在这座废弃教堂的大殿里,兰登和安布拉遵从温斯顿的指令,绕着两层楼高的超级计算机转了一圈。透过厚重的玻璃他们听到里面庞大的机器发出振颤的嗡嗡声。兰登有一种异样的感觉,仿佛眼前这个笼子里关着一头野兽。
据温斯顿说,噪声不是电子元器件发出的,而是为防止机器过热,由离心鼓风机、散热系统和液体冷却泵组成的庞大机体发出的。
“里面震耳欲聋,”温斯顿说,“而且温度特别低。好在埃德蒙的实验室在二楼。”
前方紧贴着玻璃箱的外墙边,一架独立旋梯拔地而起。兰登和安布拉遵照温斯顿的指令爬上楼梯,来到一个金属平台上的一扇玻璃转门前。
兰登感到有趣的是,埃德蒙实验室的这个富有未来主义色彩的入口,竟然装饰得犹如市郊别院的门口——迎宾垫、塑料盆栽植物、换拖鞋的小凳子……一应俱全。凳子下面还摆着一双室内拖鞋。兰登觉得这双拖鞋肯定是埃德蒙的。
门的上方挂着一个小牌子,上面写道:
成功是一个人
从失败走向失败
而不丧失激情的能力。
——温斯顿·丘吉尔
“又是丘吉尔。”兰登指着小牌子对安布拉说。
“这是埃德蒙最喜欢的一句名言。”温斯顿说,“他说这句名言准确描述了计算机最强大的力量。”
“计算机?”安布拉问。
“是的,计算机是永不停息的。我可以失败数十亿次而不流露任何沮丧的痕迹。为了解决一个问题,我可以投入跟第一次同样的精力再尝试十亿次。人类则做不到。”
“千真万确。”兰登坦承道,“我一般会在尝试一百万次后就放弃了。”
安布拉笑了笑朝门口走去。
“里面是玻璃地板,”转门自动开启时,温斯顿说道,“所以请你们脱掉鞋子。
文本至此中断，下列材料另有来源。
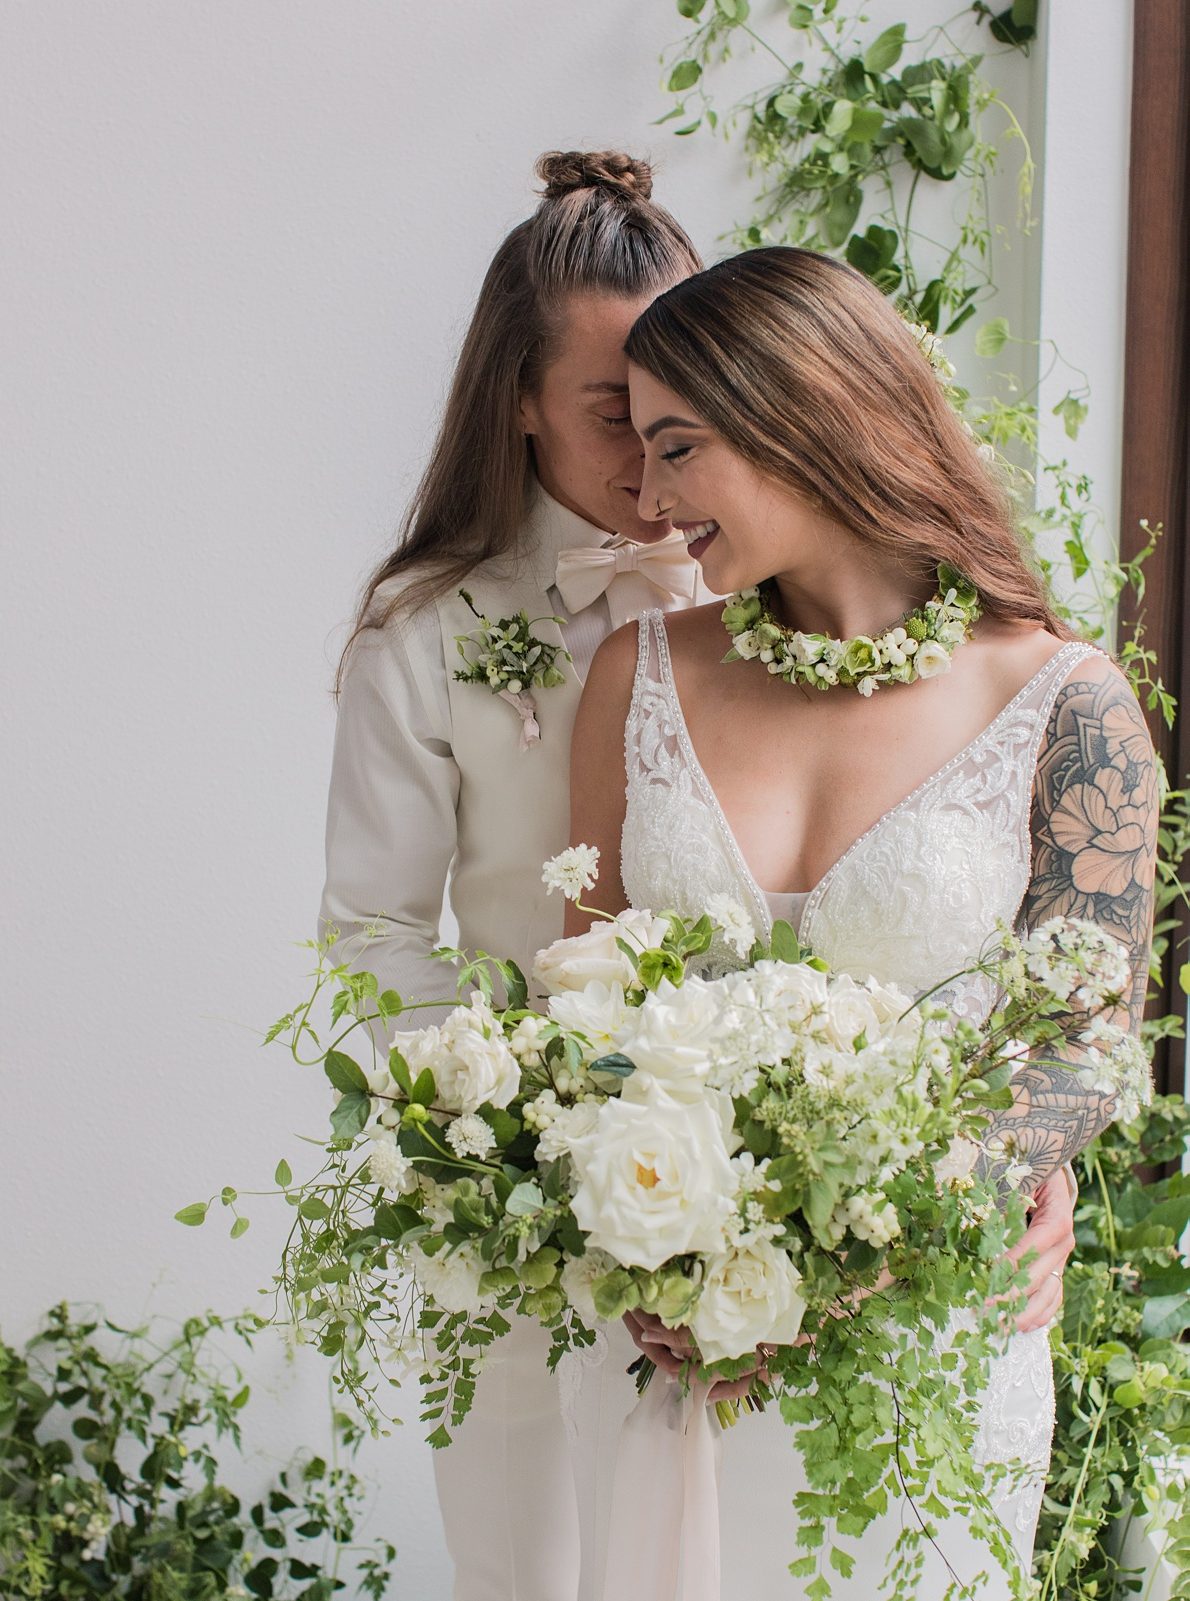 Two brides embracing, holding a white and green bouquet
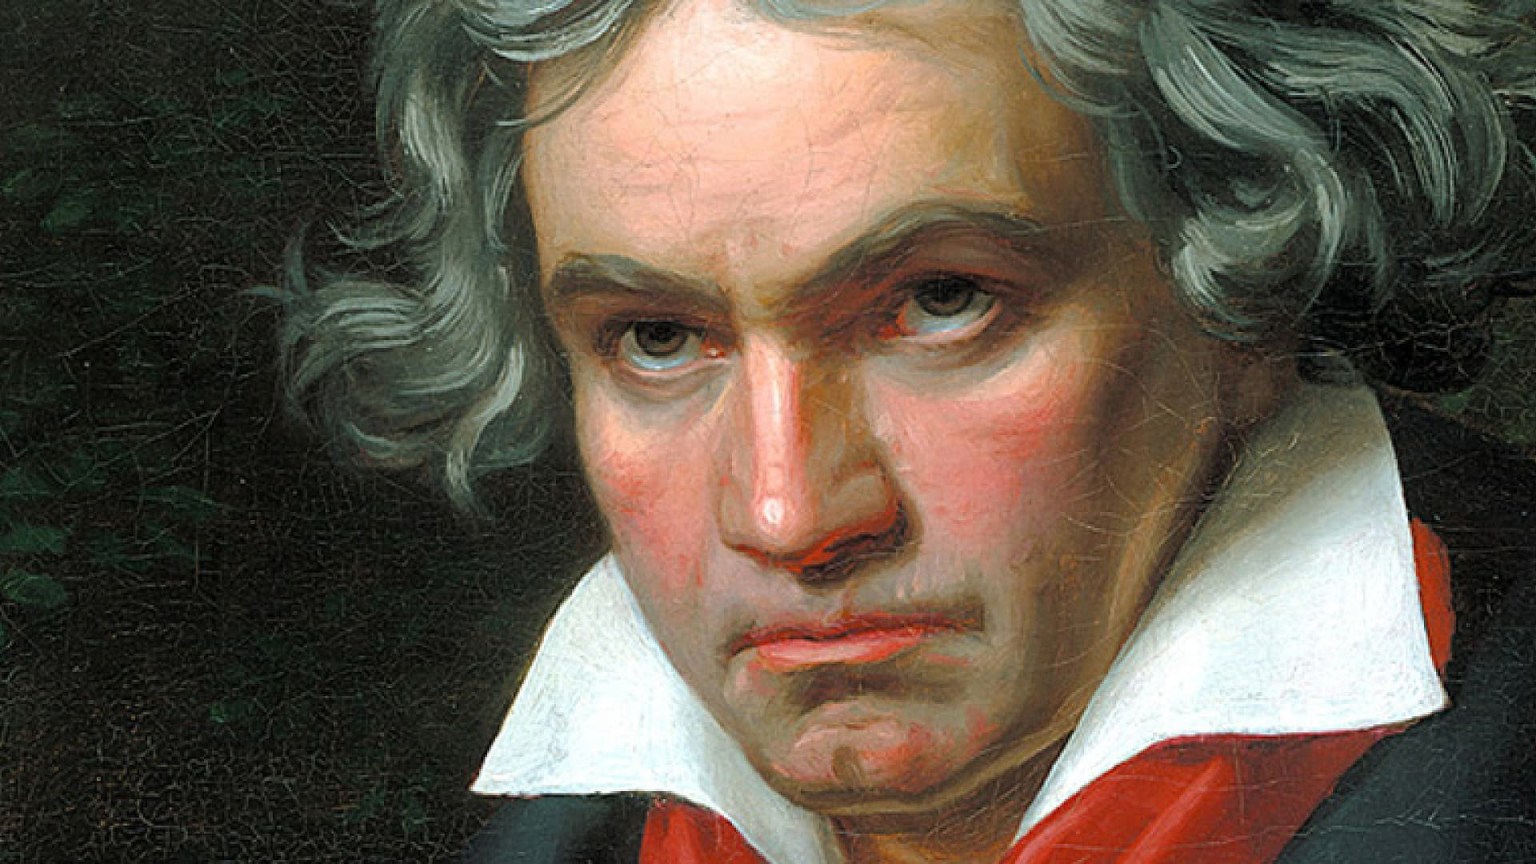 Beethoven Was A Classical Composer Who Was Increasingly Influenced By Romanticism

”
几秒钟后,安布拉就踢掉了自己的鞋子,赤着脚走进旋转门。兰登也跟着踢掉鞋子。就在他准备赤脚走进去的时候,他注意到迎宾垫上印着一句与众不同的话:
根本不存在像127.0.0.1这样的地方
“温斯顿,这垫子?我不明……”
“本地主机。”温斯顿回答。
兰登又看了一遍垫子上的字。“明白了。”他说。其实他根本没有明白,但还是继续走过旋转门。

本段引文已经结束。